While a Medishare Program will expose you to certain risks due to how they are constructed, if you consider a Medishare program, you should thoroughly research and compare different options to find the best fit for their needs. Factors to consider include monthly share amounts, eligibility criteria, coverage limitations, and the program's track record for reliability and financial stability. Once enrolled, members should familiarize themselves with the program's guidelines for submitting medical expenses and understanding the sharing process.

The Medical Cost Sharing Market is not terribly big. Here are the main options available:

Christian Medical Cost Sharing Plans AKA “Christian Health Insurance”
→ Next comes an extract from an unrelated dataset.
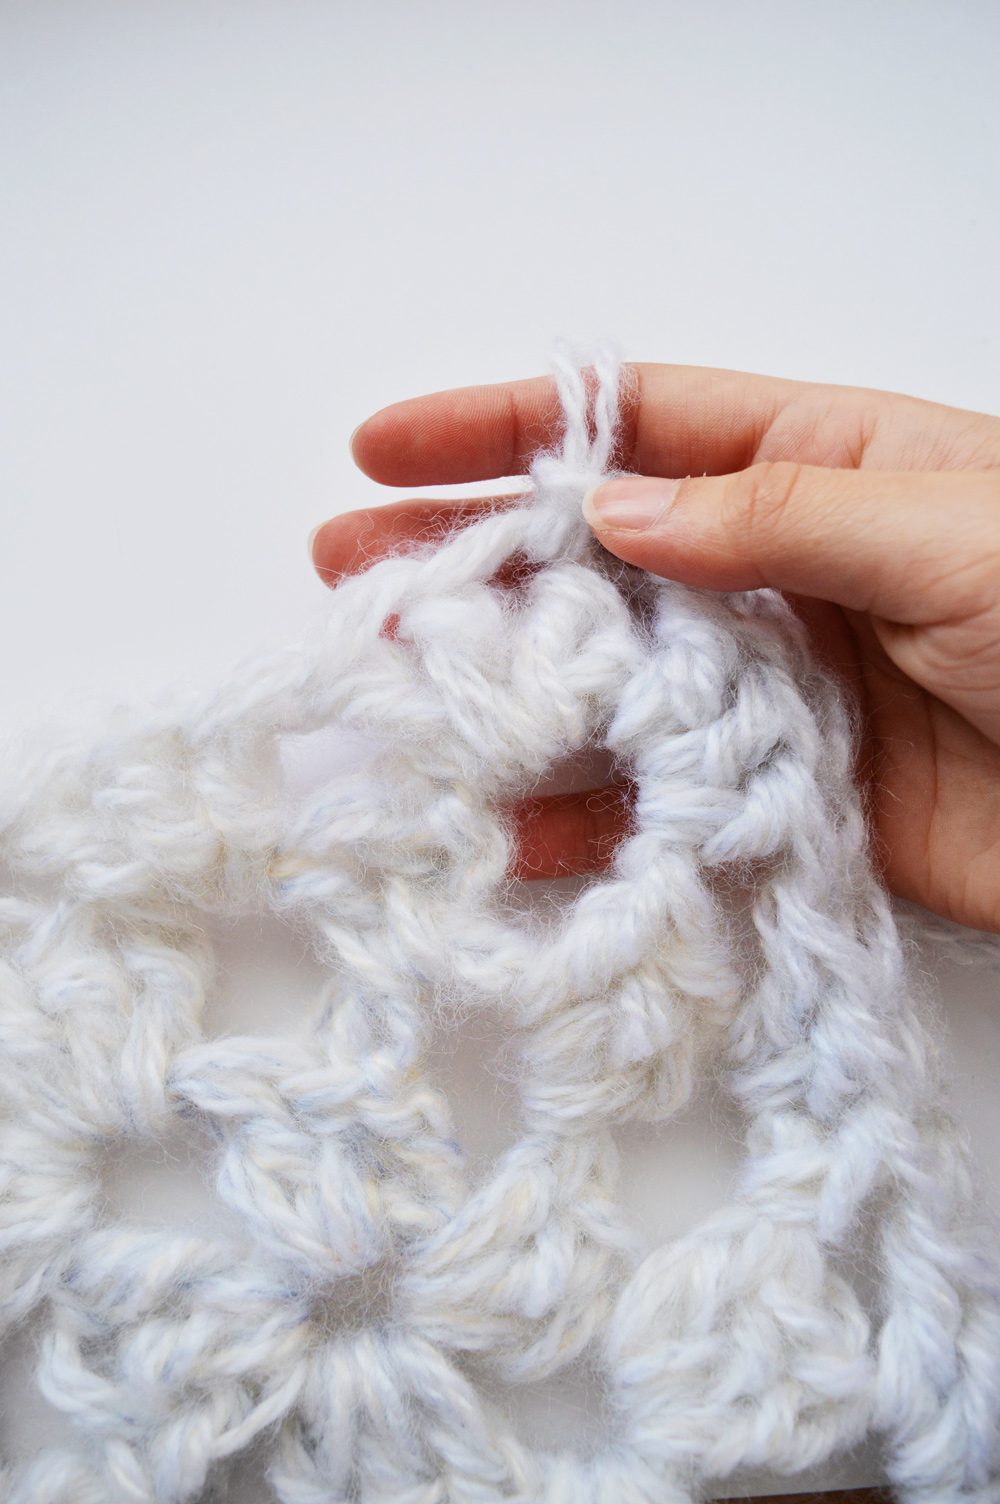 Finger crochet projects to get started

  • Christian Health Ministries
  • Samaritan Ministries
  • Liberty HealthShares
  • OneShare HealthShare
  • Medi-Share
  • Altrua HealthShare

Secular Medical Cost Sharing Plans

  • Sedera
  • Zion Health

Generally, the process for using a medical cost sharing program will be:

  1. Review the options for medical providers and their expenses
  2. Engage medical provider as a self pay patient 
  3. Attempt to negotiate maximum self pay / cash discount
  4. Negotiate expenses, review bills, review financial aid options from medical providers
  5. Pay any required payments to your medical provider (remember, you are personally responsible for all medical bills
  6. Submit any required records of medical bills, payments, and negotiated discounts to your health sharing program
  7. Wait 3-6 months for expense reimbursements. 

Navigating health insurance options as a specialist transitioning to independent consulting can be daunting. By understanding how Medishare programs work, their suitability for different demographics, potential risks, and how to find and utilize them effectively, you will have the best chance to make the right decision for yourself and your family.